Indeed, Antibiotic Research UK director David Brown told the Press Association on Tuesday: "It is almost too late. We needed to start research 10 years ago and we still have no global monitoring system in place."
"I think we have got a 50-50 chance of salvaging the most important antibiotics but we need to stop agriculture from ruining it again," he said.
The Alliance to Save our Antibiotics echoed that call, with the group's scientific adviser Coilin Nunan demanding the UK government "respond urgently" to the crisis.
"The routine preventative use in farming of colistin, and all antibiotics important in human medicine, needs to be banned immediately," Nunan declared.
But Brown said it would take more than legislation to turn the tide. "When the public start demanding meat that has not seen antibiotics--because they understand that the meat may contain antibiotic resistant bacteria--only then will real progress be made," he argued. "We need education about the threat."
Meanwhile, in the United States, superbugs kill at least 23,000 Americans every year, "and the problem is only getting worse," wrote Anya Vanecek, public health digital campaigner for U.S. PIRG, in a blog post on Monday.

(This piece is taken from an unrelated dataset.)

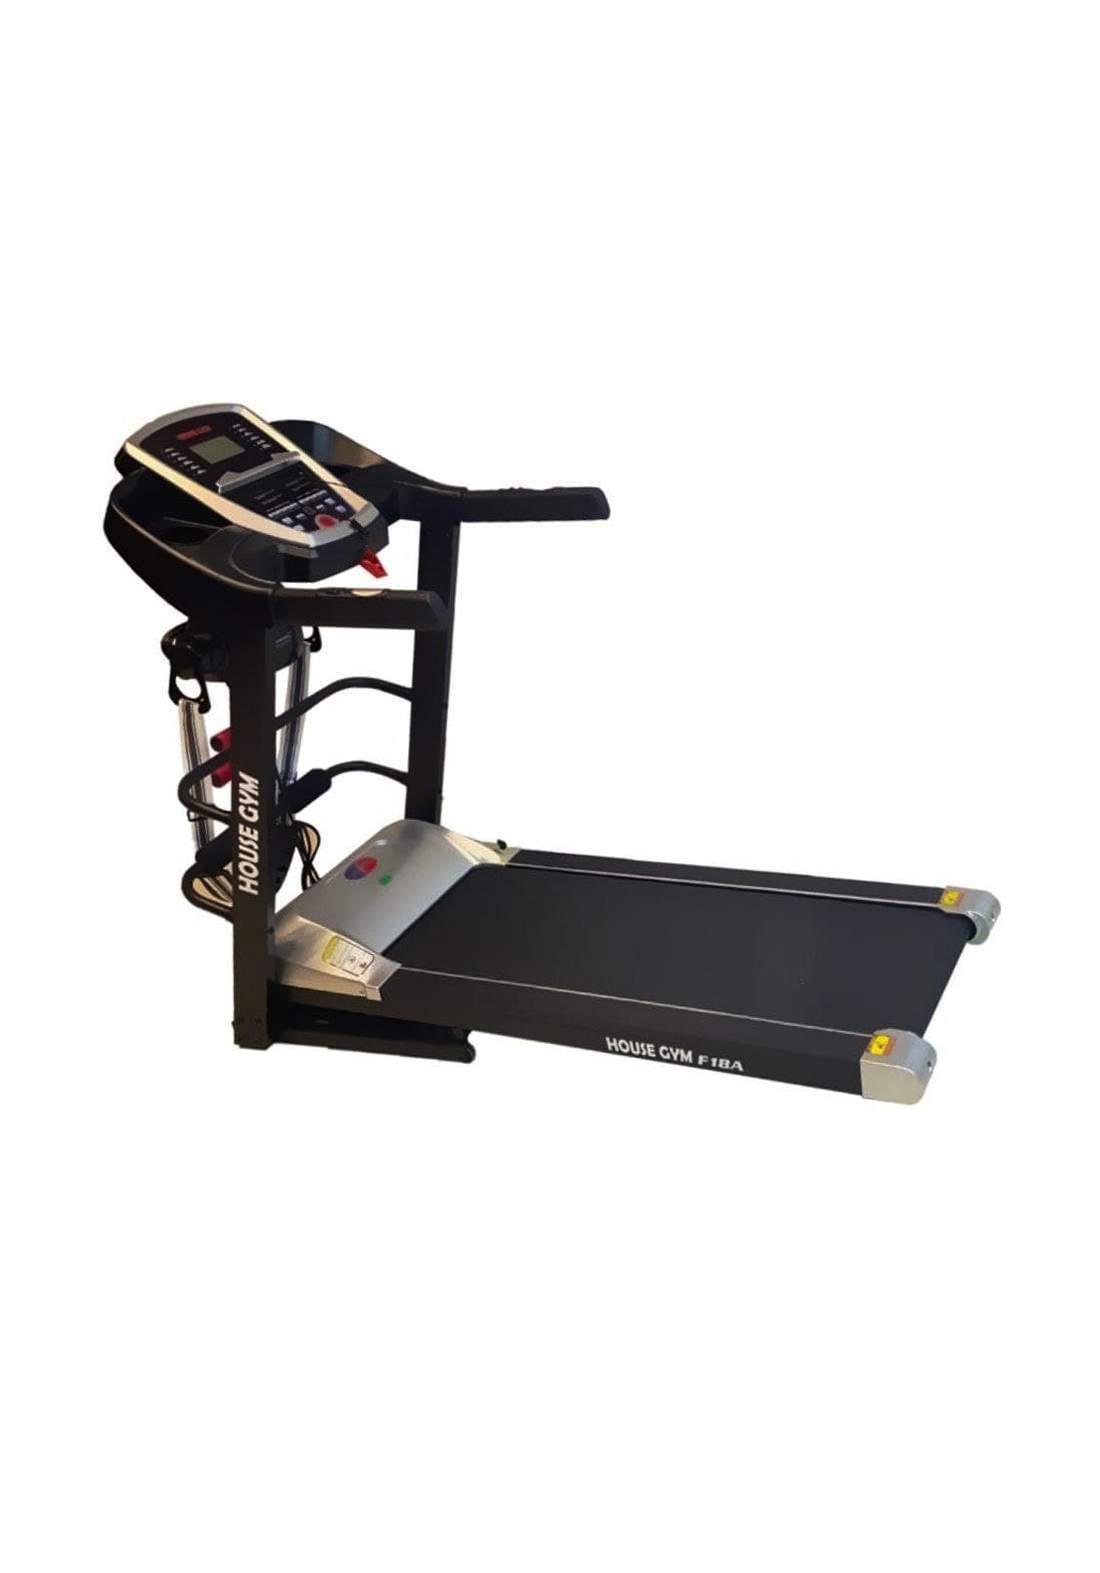 House Gym Electric Treadmill جهاز الجري الكهربائي

As the U.S. Food and Drug Administration's (FDA) own accounting showed in a report (pdf) issued earlier this month, the sale and use of antibiotics for food-producing animals is actually on the rise, despite decades of warnings from scientists and health experts and the FDA's imposition of voluntary guidelines meant to lower the use of antibiotics on livestock and poultry.
Calling on the agency to "set a stronger, more meaningful plan to combat antibiotic resistance at one of its primary origins," PIRG's antibiotics program director Bill Wenzel wrote: "We now have definitive evidence that as long as producers are permitted to use antibiotics for disease prevention in animals that are not sick, antibiotics misuse on farms will continue."
"More must be done," he concluded. "Nothing less than a ban on the routine and unnecessary use of antibiotics on livestock and poultry will halt this trend, and ensure that our life-saving medicines can remain effective for generations to come."